A Melbourne man was discovered to have a long parasitic worm living inside his foot after he went to the doctor complaining of a swollen foot in Australia, The Sydney Morning Herald reported.

The 38-year-old migrant from Sudan went to the doctor after his foot had been giving him trouble for about a year. After showing doctors at St Vincent's Hospital a large abscess on his foot, an X-ray revealed that two pieces of dead parasitic worm had been living inside his foot for years.

Initially, the patient's year-long pain led doctors to believe that the source of his suffering was most likely being caused by an infection, according to The Independent. However, an X-ray found what appeared to be two spaghetti-shaped pieces of "guinea worm" in his ankle and foot, each a few centimeters long.

After surgery was conducted to remove the abscess and pieces of worm, the patient had gone on to make a full recovery, said Dr. Jonathan Darby, an infectious diseases physician at St.
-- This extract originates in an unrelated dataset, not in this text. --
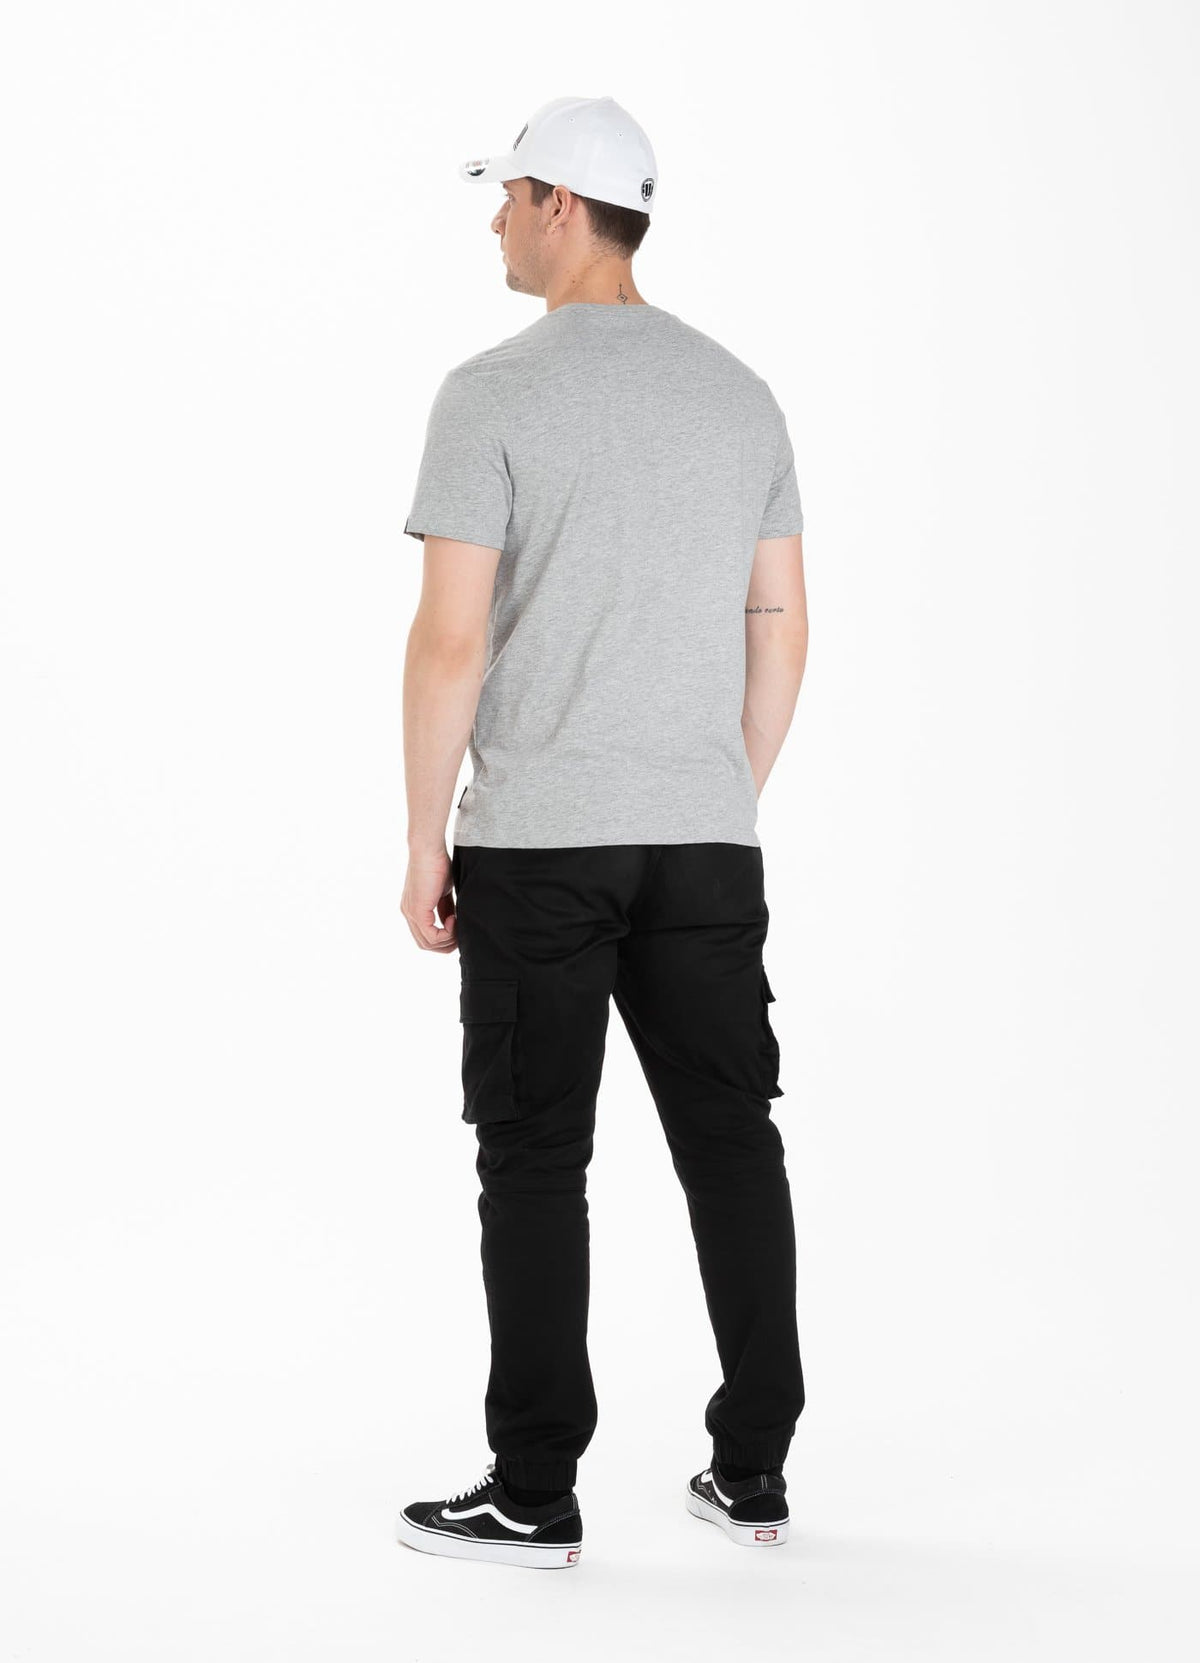 T-Shirt SMALL LOGO 21 Grey MLG - Pitbull West Coast International Store

Vincent's Hospital in Melbourne.

The centimeters-long parasitic worm, capable of growing up to one meter-long, comes from Africa and can makes its way inside if a human drinks water that contains water fleas infected with guinea worm lava, also known as Dracunculiasis medinensis. 

The man could have possibly been infected in Africa before he moved to Australia four years ago, Darby said.
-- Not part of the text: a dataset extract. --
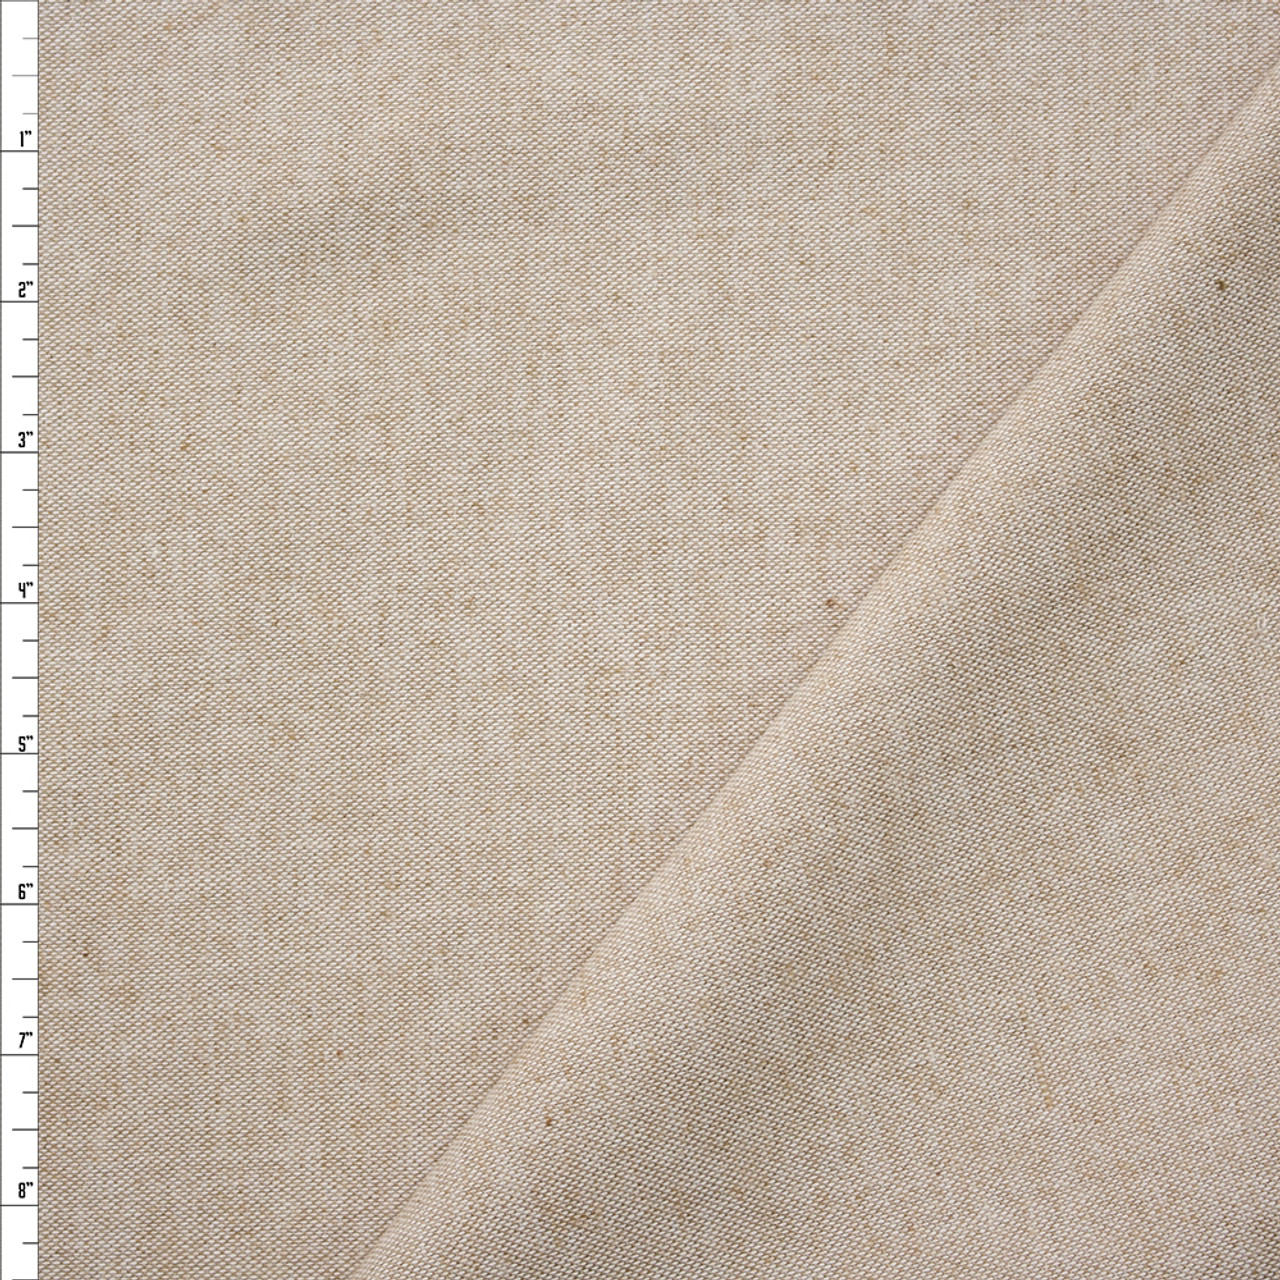 Cali Fabrics Oatmeal Washed Cotton/Linen Blend Duck Canvas Fabric

Although it's not infectious, once the African guinea worm gets inside the human body, its larvae travels into the intestines, burrows into the stomach, causes the victim's feet to burn intensely and then tries to emerge through the skin -- leading to blisters or ulcers.

But it is only after a year that symptoms of pain start cropping up, similar to what happened with the 38-year-old patient in Melbourne, UK Mirror reported.

"The worm causes an intense burning sensation in the feet. People want to put their feet into water to relieve the pain," Darby said. "The parasitic worm uses that trick to release larvae in the water, which turns into water fleas that are then ingested by ­people drinking unsafe water."

"That whole process can take years. It can sit inside the human body alive for years or die, degenerate, and then cause problems in the area like it did for our patient," he added.

Meanwhile, the case was examined in medical journal Pathology.